FIG. 11 shows a substrate container according to an embodiment. Substrate container 1100 includes outer pod 1102. Outer pod 1102 includes shell 1104 and door 1106. The shell 1104 includes an inner pod support platform 1108 supported by one or more pivots 1110. The inner pod support platform 1108 further includes a door contact 1112. Shell 1104 further includes one or more clamping surfaces 1114 positioned above the inner pod support platform 1108. The door 1106 includes a contact surface 1116, configured to contact the inner pod support platform 1108. Inner pod 1118 is configured to be placed on inner pod support platform 1108. The inner pod 1118 includes cover 1120 and baseplate 1122. The inner pod 1118 can further include reticle retention features 1124, such as movable posts, configured to clamp a reticle within the inner pod 1118 when reticle retention features 1124 are actuated. When inner pod 1118 is resting on inner pod support platform 1108 and door 1106 is attached to shell 1104, the door contact 1112 can be contacted by contact surface 1116 provided on door 1106, thereby driving the inner pod support platform 1108 to rotate about the one or more pivots 1110, thereby raising the inner pod support platform 1108 such that inner pod 1118 is clamped between inner pod support platform 1108 and the one or more clamping surfaces 1114. In an embodiment, at least one of inner pod support platform 1108 and the one or more clamping surfaces 1114 can include one or more features configured to interface with the reticle retention features 1124 so as to actuate reticle retention features 1124 to clamp a reticle within the inner pod 1118.
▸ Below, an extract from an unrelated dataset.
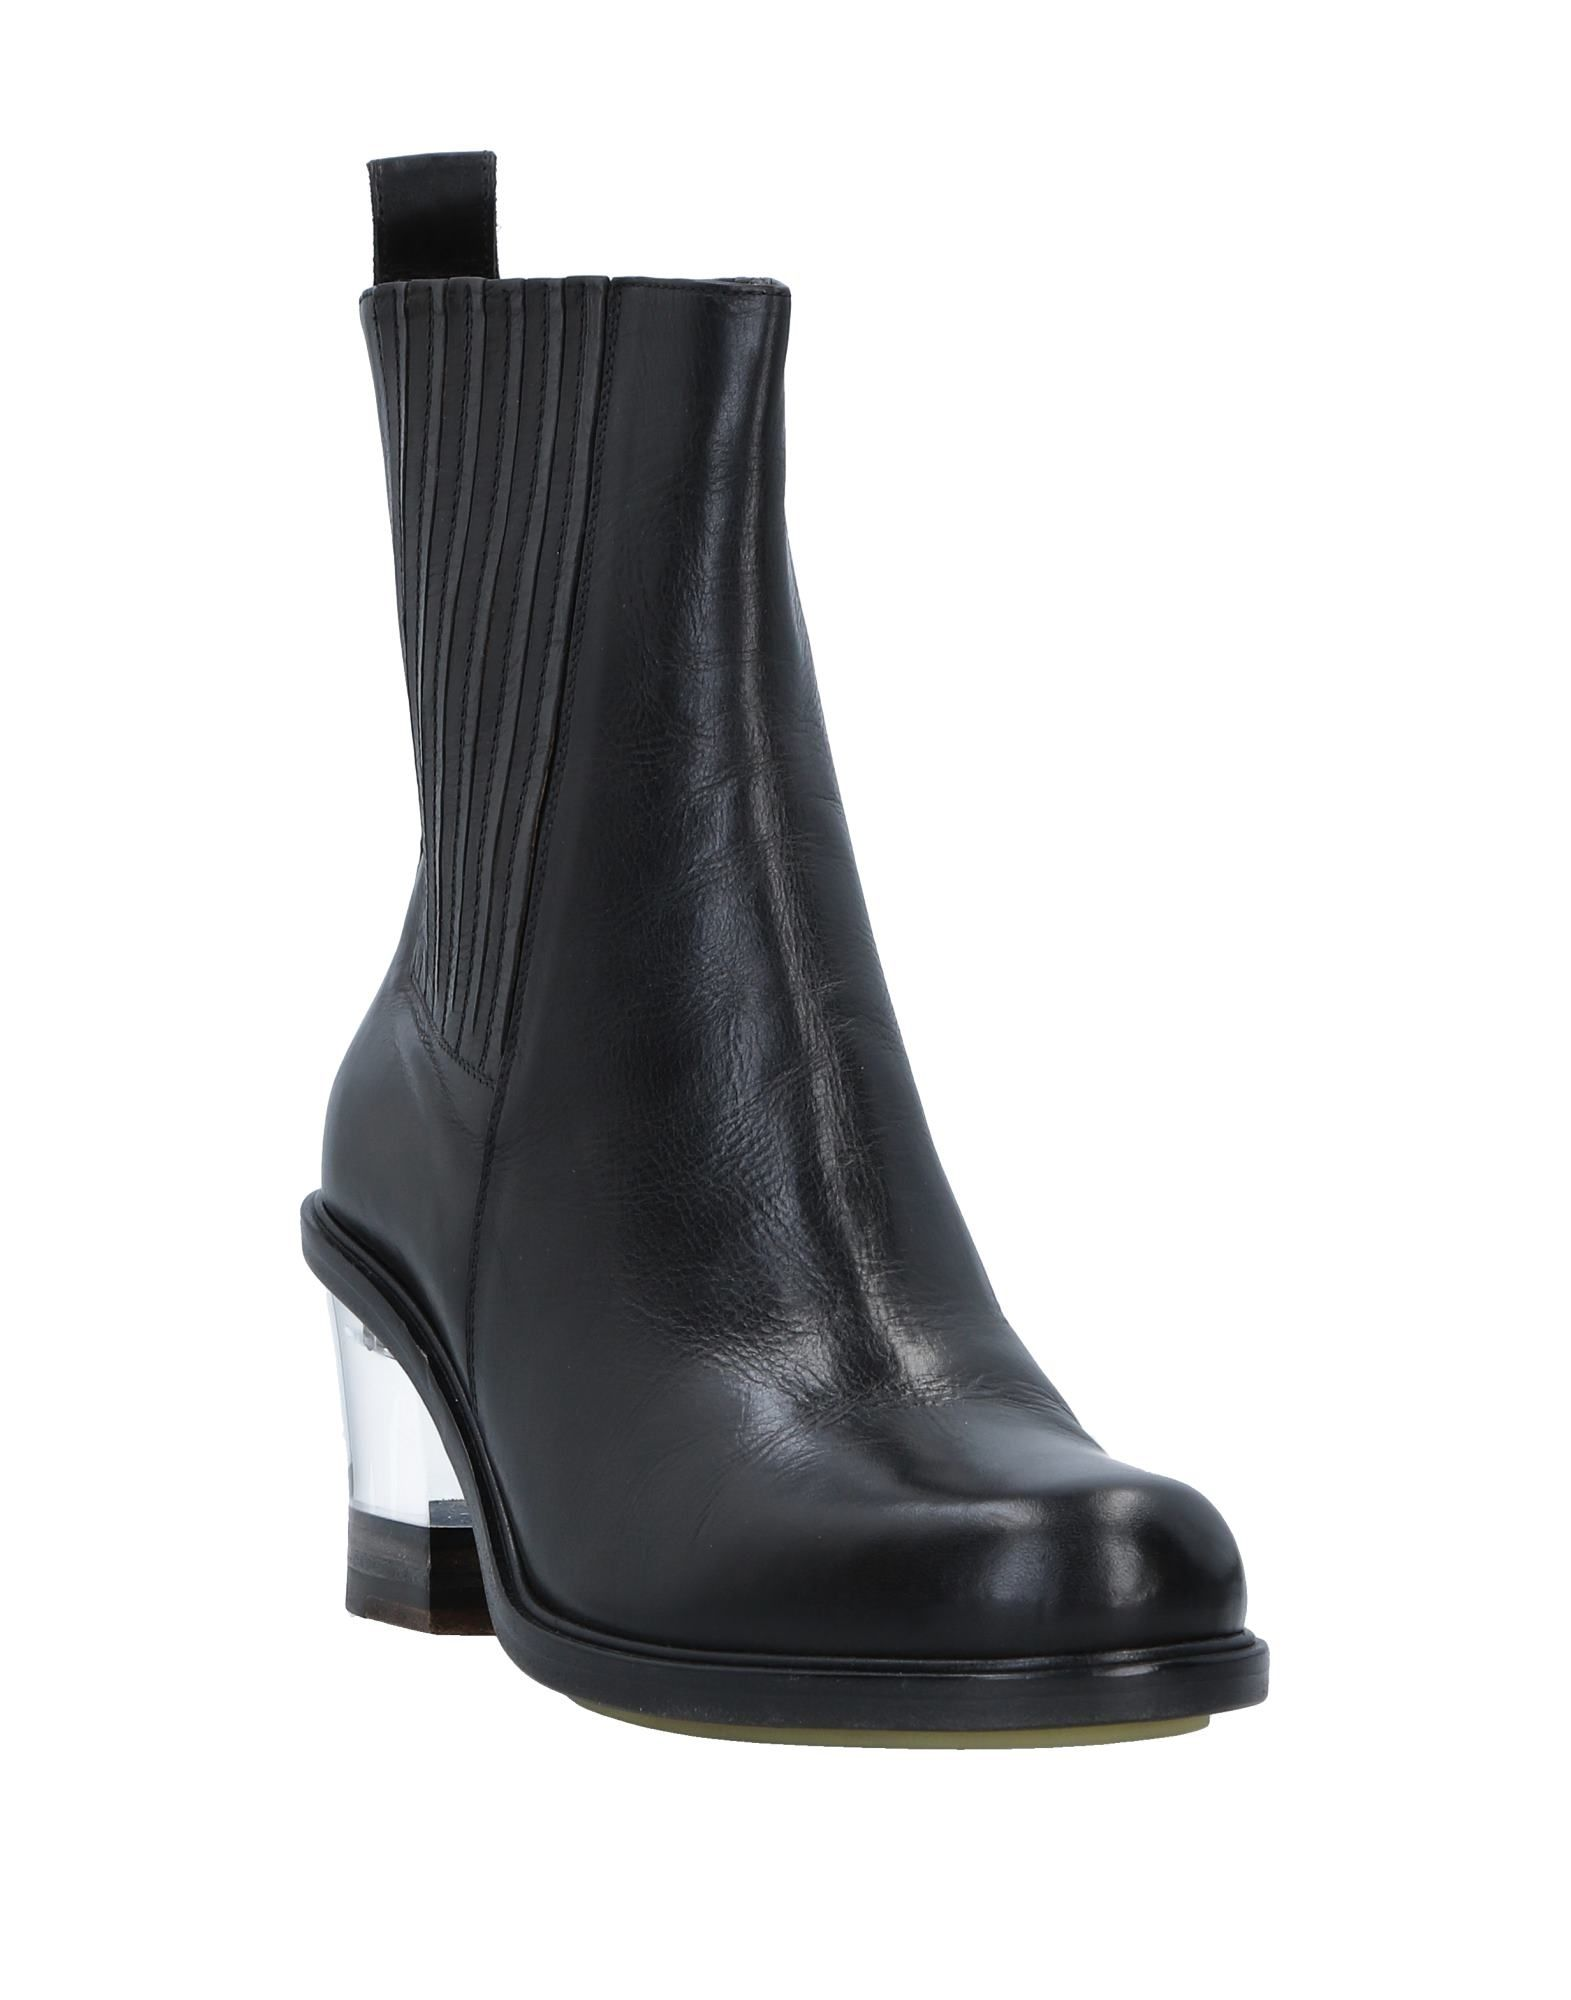 Premiata Stiefelette aussehende Damen  11529638GNGünstige gut aussehende Stiefelette Schuhe fc197a

FIG. 12 shows a substrate container according to an embodiment. Substrate container 1200 includes outer pod 1202. Outer pod 1202 includes shell 1204 and door 1206. Shell 1204 includes one or more inner pod supports 1208 each including a ramped portion 1210. The shell 1204 further includes one or more inner pod clamping surfaces 1212. The door 1206 includes a ramped inner pod support 1214. The substrate container 1200 further includes inner pod 1216, which includes cover 1218 and baseplate 1220. The inner pod 1216 can further include one or more reticle retention features 1222. The inner pod supports 1208 can be a shelf, platform, or one or more flanges extending from shell 1204 configured to support inner pod 1216 within the interior space defined by shell 1204. The inner pod support 1208 and the inner pod clamping surface 1212 can be spaced apart such that the inner pod 1216 can rest on a flat portion of the inner pod support 1208 without contacting the inner pod clamping surface 1212, and can be readily placed into or removed from the substrate container 1200. When the inner pod 1216 is placed on the inner pod support 1208 and the door 1206 is attached to shell 1204, the ramped inner pod support 1214 can push the inner pod 1216 backwards to ride up the ramped portion 1210, thereby lifting the inner pod 1216 on ramped portion 1210 and ramped inner pod support 1214 such that inner pod 1216 is clamped against the inner pod clamping surface(s) 1212. In an embodiment, the shell 1204 can contain one or more features configured to actuate the one or more reticle retention features 1222 to clamp a reticle contained within inner pod 1216 when the door 1206 is attached to shell 1204.

ASPECTS

Aspect 1. A substrate container, comprising:

• • an inner pod configured to contain a large format reticle, the inner pod including a cover and a baseplate; and
  • an outer pod configured to contain the inner pod, the outer pod having an opening on a front side of the outer pod, the outer pod including first flanges on opposing side walls, the first flanges configured to support the inner pod.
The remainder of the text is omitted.